SUPPLIED MATERIAL >>
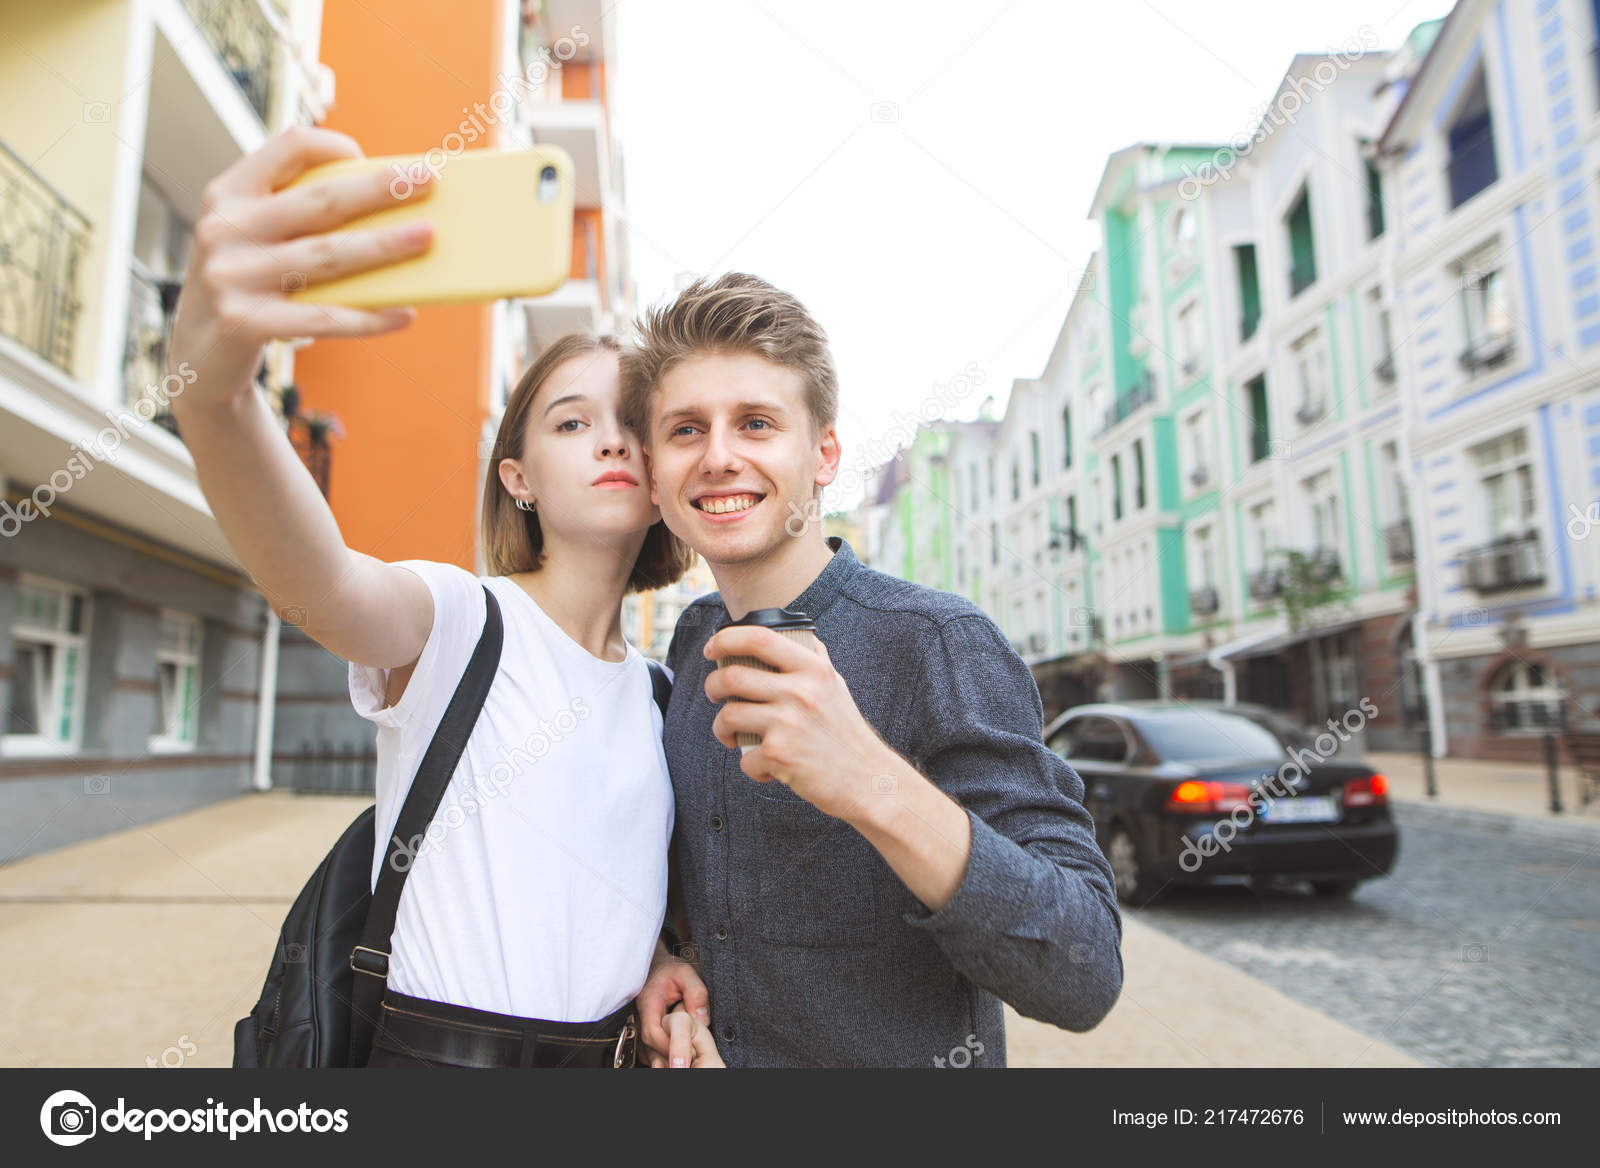 selfie poses | Gallery posted by $ | Lemon8
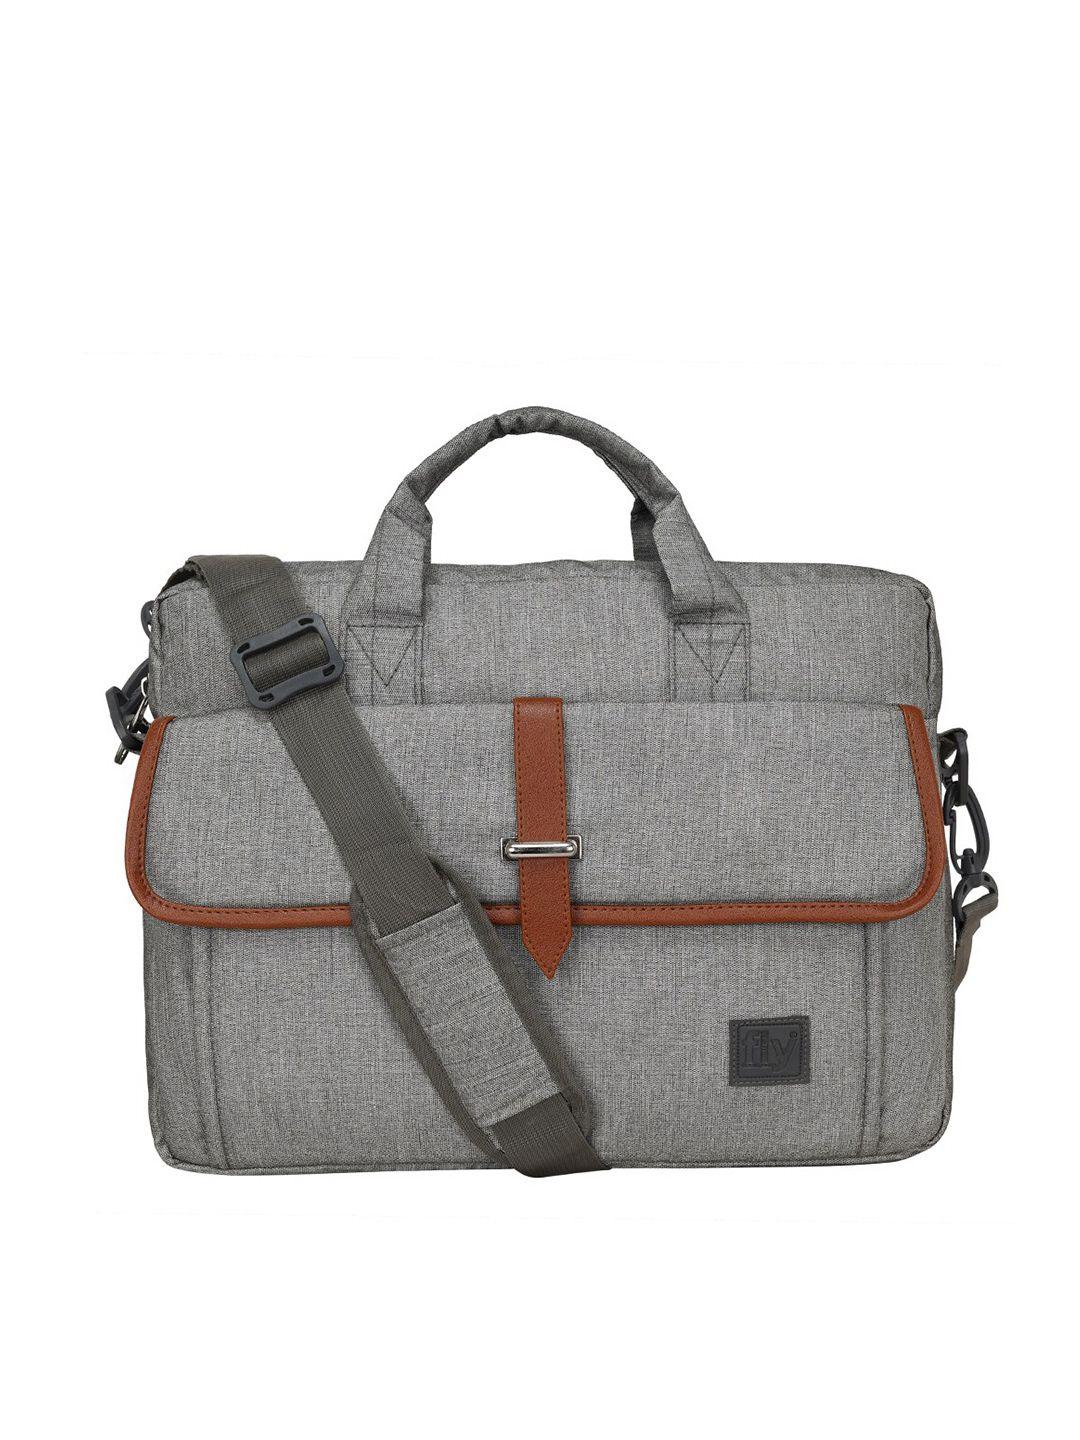 fly fashion unisex grey & brown textured laptop bag
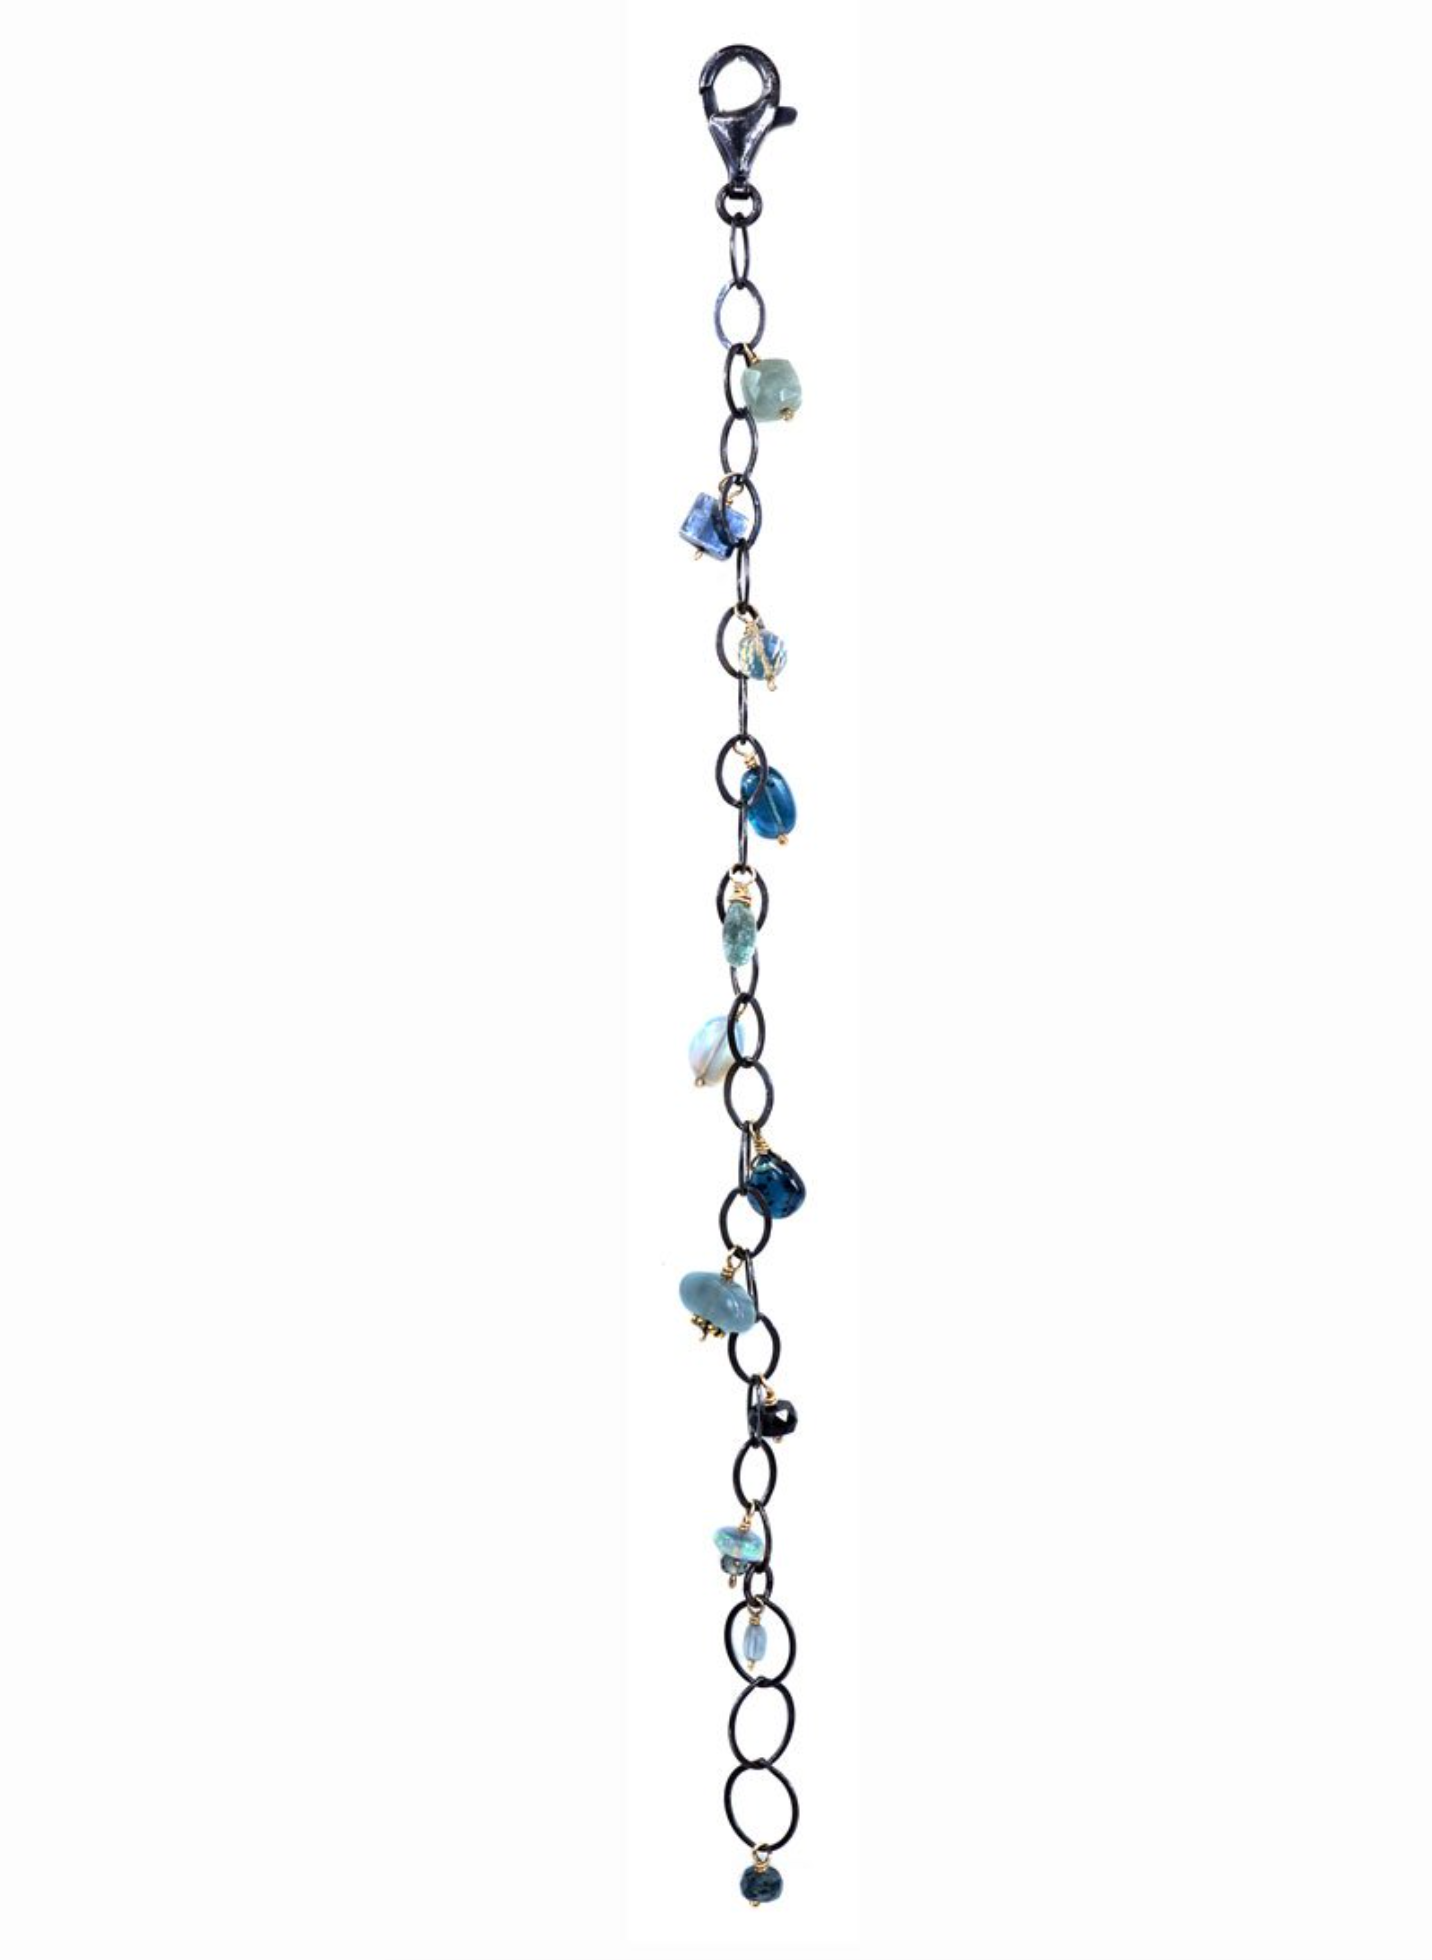 Opal and Aquamarine Bracelet
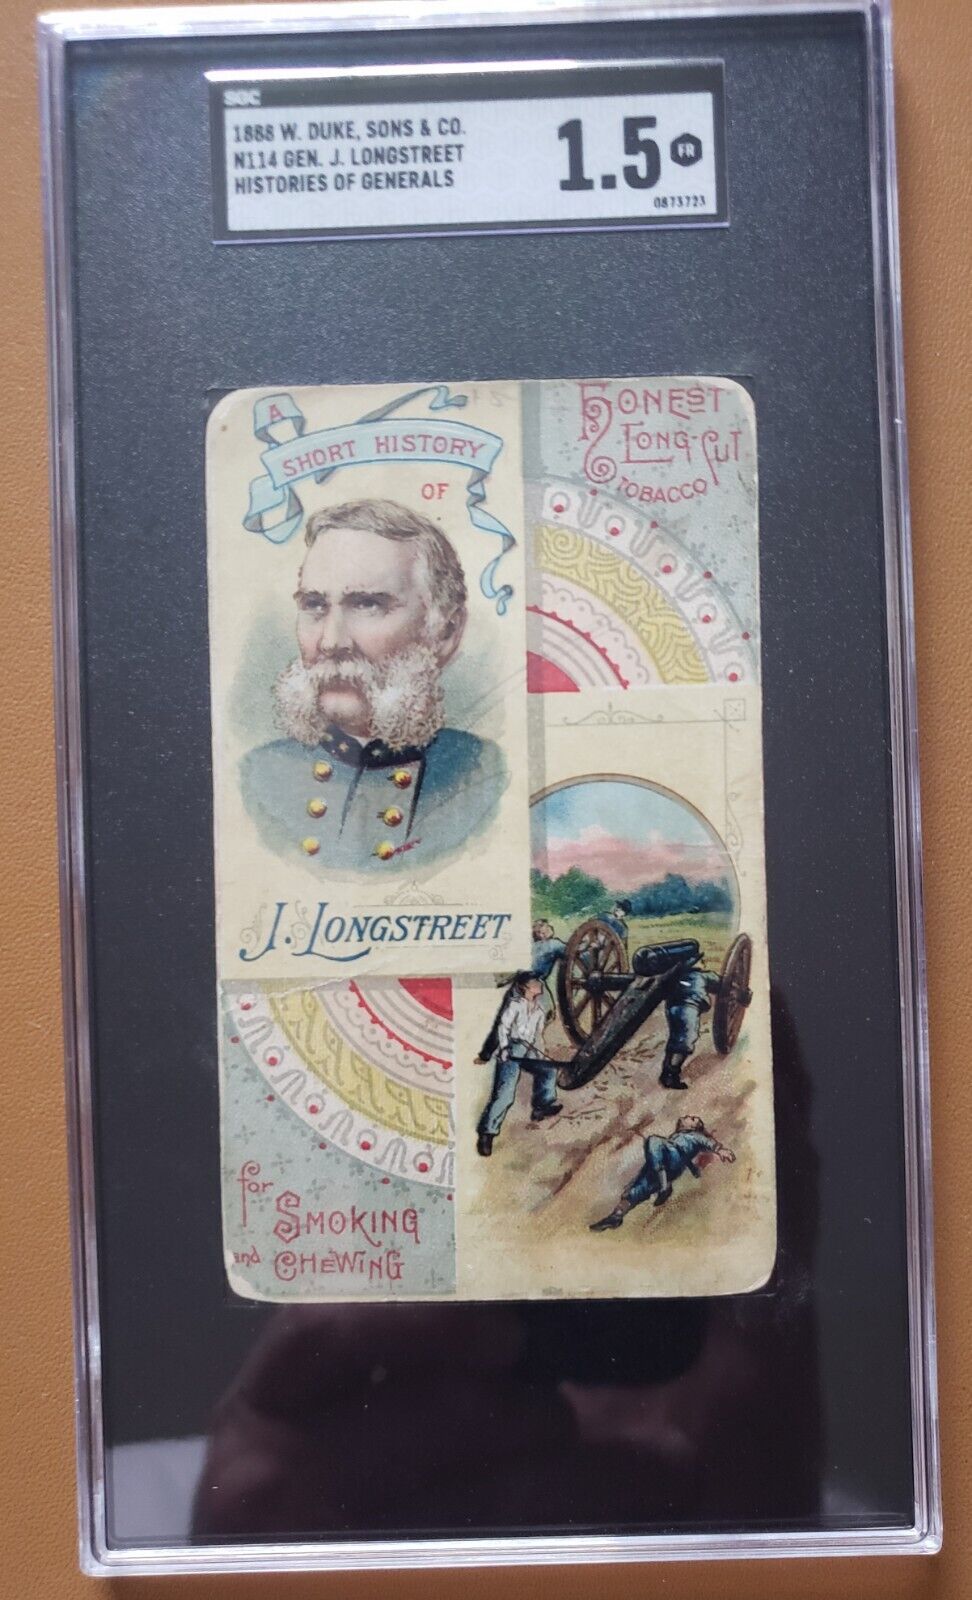 N114 1888 W Duke Sons & Co. Histories of Generals James Longstreet SGC 1.5 Nice

WHAT THIS TASK INVOLVES >> Line by line, give the material above again exactly, but without any pictures.

OUTPUT BELOW >>
 selfie poses | Gallery posted by $ | Lemon8
 fly fashion unisex grey & brown textured laptop bag
 Opal and Aquamarine Bracelet
 N114 1888 W Duke Sons & Co. Histories of Generals James Longstreet SGC 1.5 Nice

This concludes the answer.